On Tue, Jul 16, 2024 at 9:12 AM Rudenko Aleksandr <ARudenko@xxxxxxx <mailto:ARudenko@xxxxxxx>> wrote:
>
> Hi,
>
> We have a big Ceph cluster (RGW case) with a lot of big buckets 10-500M objects with 31-1024 shards and a lot of io generated by many clients.
> Index pool placed on enterprise SSDs. We have about 120 SSDs (replication 3) and about 90Gb of OMAP data on each drive.
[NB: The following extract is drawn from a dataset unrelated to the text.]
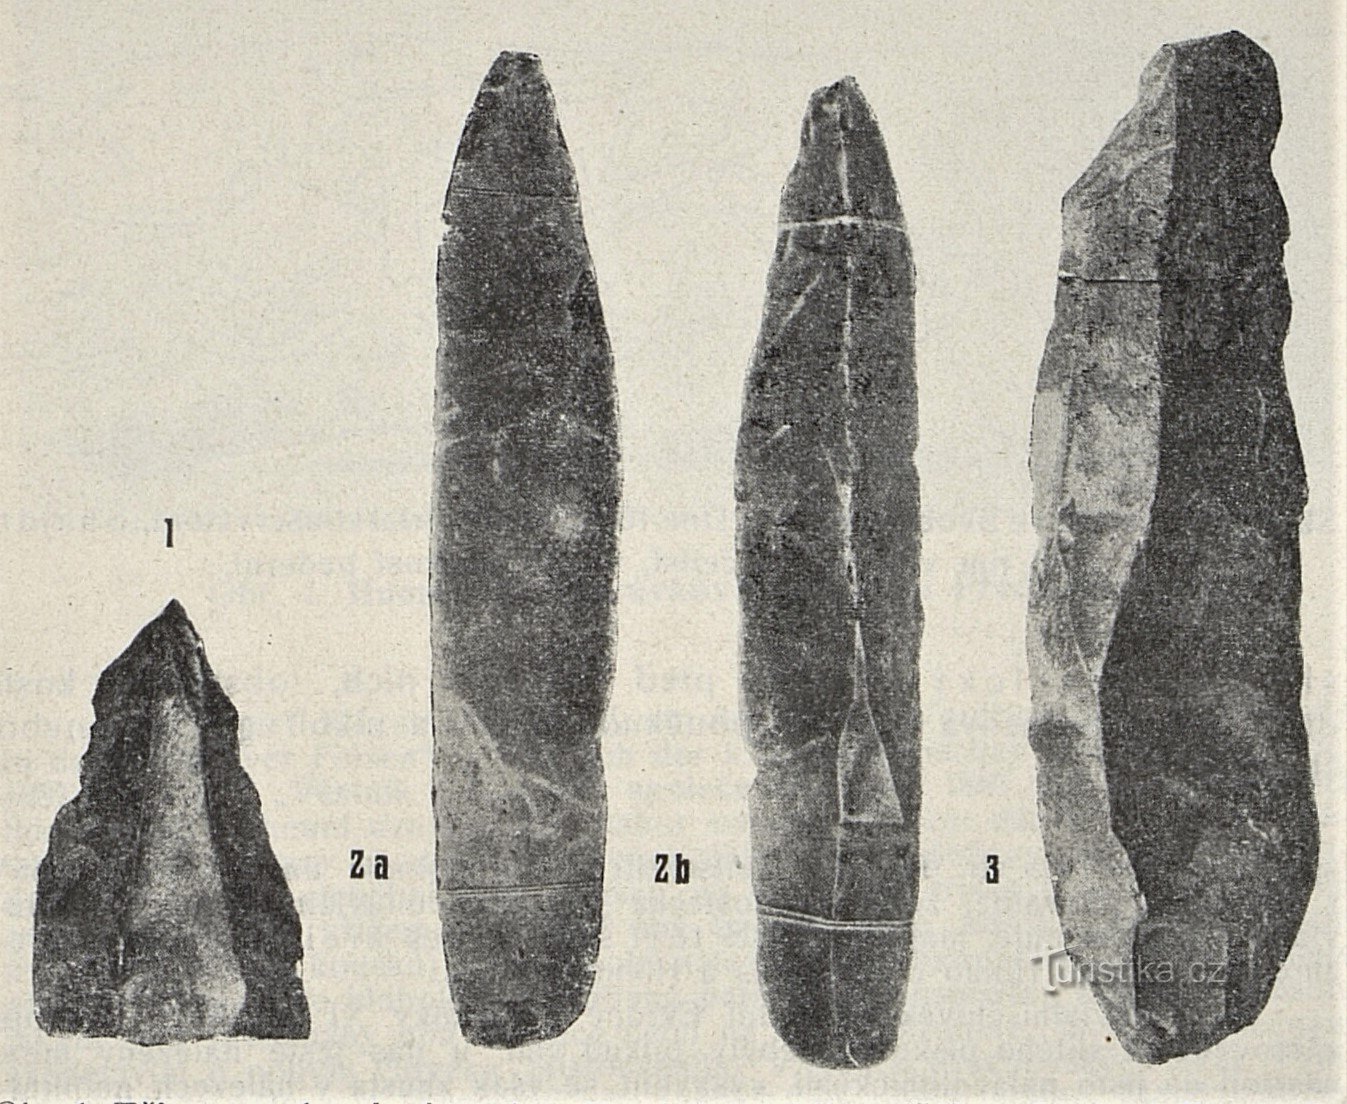 Ngành công nghiệp đá từ bộ xương voi ma mút ở Svobodné Dvory (1899)

> About 75 PGs on each SSD for now. I think 75 is not enough for this amount of data, but I’m not sure that it is critical in our case.
>
> The problem:
> For the last few weeks, we can see big degradation of some SSD OSDs. We can see a lot of Ops (150-256 in perf dump) for a long time and we can see high avg ops time like 1-3 seconds (this metric is based on dump_historic_ops_by_duration and our avg calculation). These numbers are very unusual for our deployment. And it makes a big impact on our customers.
>
> For now, we make Offline compaction of ‘degraded’ OSDs and after compaction, we see that all PGs of this OSD are returned on this OSD (because recover is disabled during compaction) and we see that OSD works perfect for some time, all our metrics are dropped down for few weeks or only few days…
>
> And, I think the problem is in the rocksdb database which grows by levels and slows down requests.
>
> And I have few question about compaction:
>
> 1. Why can't automatic compaction manage this on its own?
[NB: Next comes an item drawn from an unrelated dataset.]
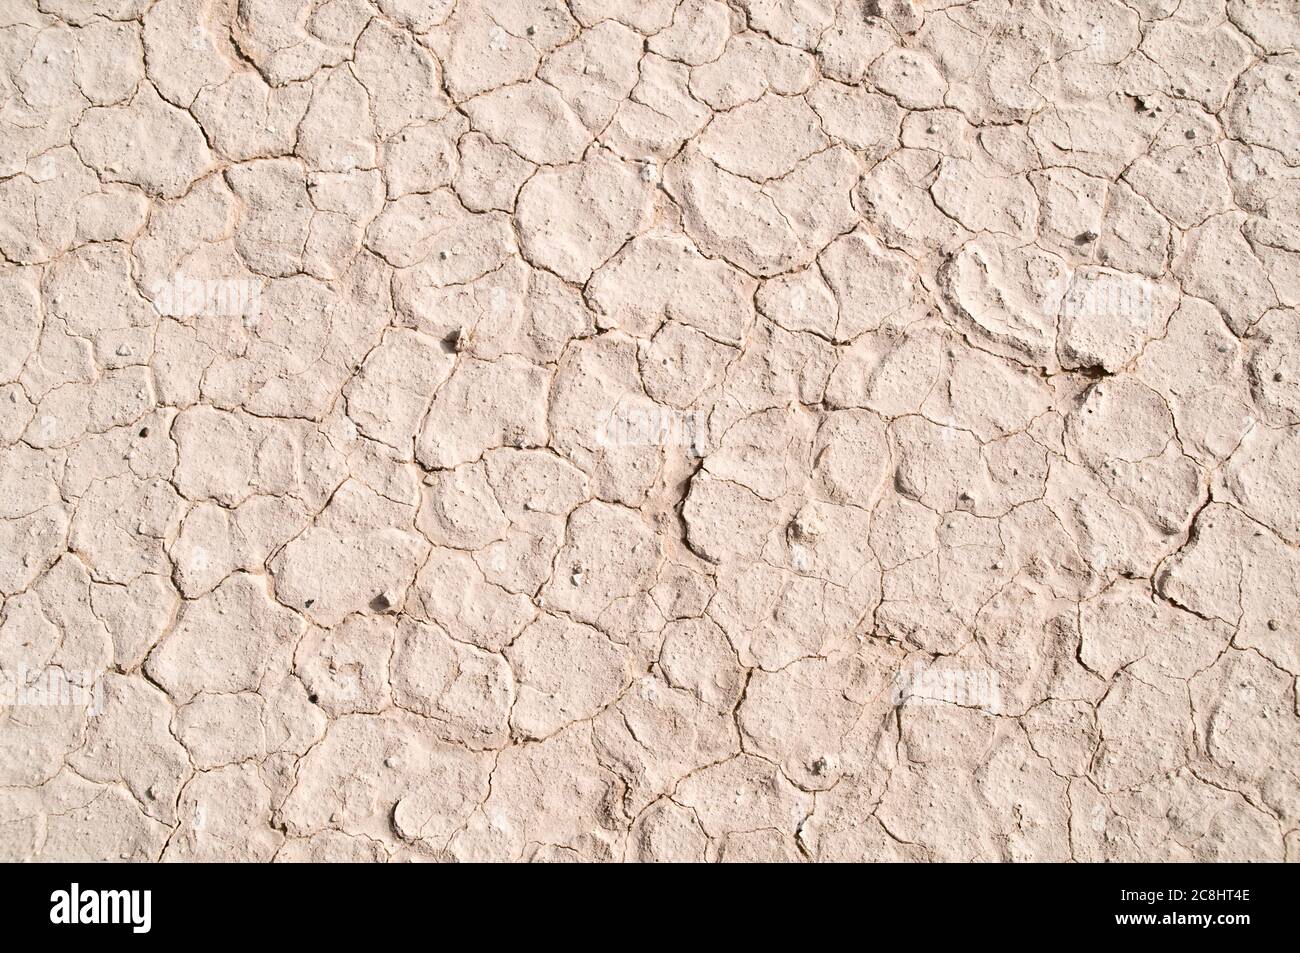 Boue blanche sèche, parchée et fissurée dans le désert oriental de la région de Badia, Wadi Dahek, Royaume hachémite de Jordanie. Banque D'Images

> 2. How can I see RocksDB levels usage or some program metric which can be used as a condition for manual compacting? Because our metrics like request latency, OSD Ops count, OSD avg slow ops time are not 100% relative to rocksdb internal state.
>
> We try to use perf dump, bluestore.kv_xxx_lat metrics, but I think they are absolutely useless. Because we can see higher values after compaction and restart OSD then these metrics were before compaction, lol.
>
> We try to see OSD logs with debug_rocksdb=4, but we can’t understand this output compare it between good and bad OSDs:
>
> Uptime(secs): 3610809.5 total, 600.0 interval
> Flush(GB): cumulative 50.519, interval 0.000
> AddFile(GB): cumulative 0.000, interval 0.000
> AddFile(Total Files): cumulative 0, interval 0
> AddFile(L0 Files): cumulative 0, interval 0
> AddFile(Keys): cumulative 0, interval 0
> Cumulative compaction: 475.34 GB write, 0.13 MB/s write, 453.07 GB read, 0.13 MB/s read, 3346.3 seconds
> Interval compaction: 0.00 GB write, 0.00 MB/s write, 0.00 GB read, 0.00 MB/s read, 0.0 seconds
> Stalls(count): 0 level0_slowdown, 0 level0_slowdown_with_compaction, 0 level0_numfiles, 0 level0_numfiles_with_compaction, 0 stop for pending_compaction_bytes, 0 slowdown for pending_compaction_bytes, 0 memtable_compaction,
> 0 memtable_slowdown, interval 0 total count
>
> ** File Read Latency Histogram By Level [p-0] **
>
> ** Compaction Stats [p-1] **
> Level Files Size Score Read(GB) Rn(GB) Rnp1(GB) Write(GB) Wnew(GB) Moved(GB) W-Amp Rd(MB/s) Wr(MB/s) Comp(sec) CompMergeCPU(sec) Comp(cnt) Avg(sec) KeyIn KeyDrop
> ----------------------------------------------------------------------------------------------------------------------------------------------------------------------------
> L0 0/0 0.00 KB 0.0 0.0 0.0 0.0 52.0 52.0 0.0 1.0 0.0 155.2 343.25 176.27 746 0.460 0 0
> L1 4/0 204.00 MB 0.8 96.7 52.0 44.7 96.2 51.4 0.0 1.8 164.6 163.6 601.87 316.34 237 2.540 275M 1237K
> L2 34/0 2.09 GB 1.0 176.8 43.6 133.2 175.3 42.1 7.6 4.0 147.6 146.3 1226.72 590.20 535 2.293 519M 2672K
> L3 79/0 4.76 GB 0.3 163.6 38.9 124.7 140.7 16.1 8.8 3.6 152.6 131.3 1097.53 443.60 432 2.541 401M 79M
> L4 316/0 19.96 GB 0.1 0.9 0.4 0.5 0.8 0.3 19.7 2.0 151.1 131.1 5.94 2.53 4 1.485 2349K 385K
> Sum 433/0 27.01 GB 0.0 438.0 134.9 303.0 465.0 161.9 36.1 8.9 136.9 145.4 3275.31 1528.94 1954 1.676 1198M 83M
> Int 0/0 0.00 KB 0.0 0.0 0.0 0.0 0.0 0.0 0.0 0.0 0.0 0.0 0.00 0.00 0 0.000 0 0
>
> and this log is not usable as ‘metric’.
>
> Our Ceph version is: 16.2.13 and we use default bluestore_rocksdb_options.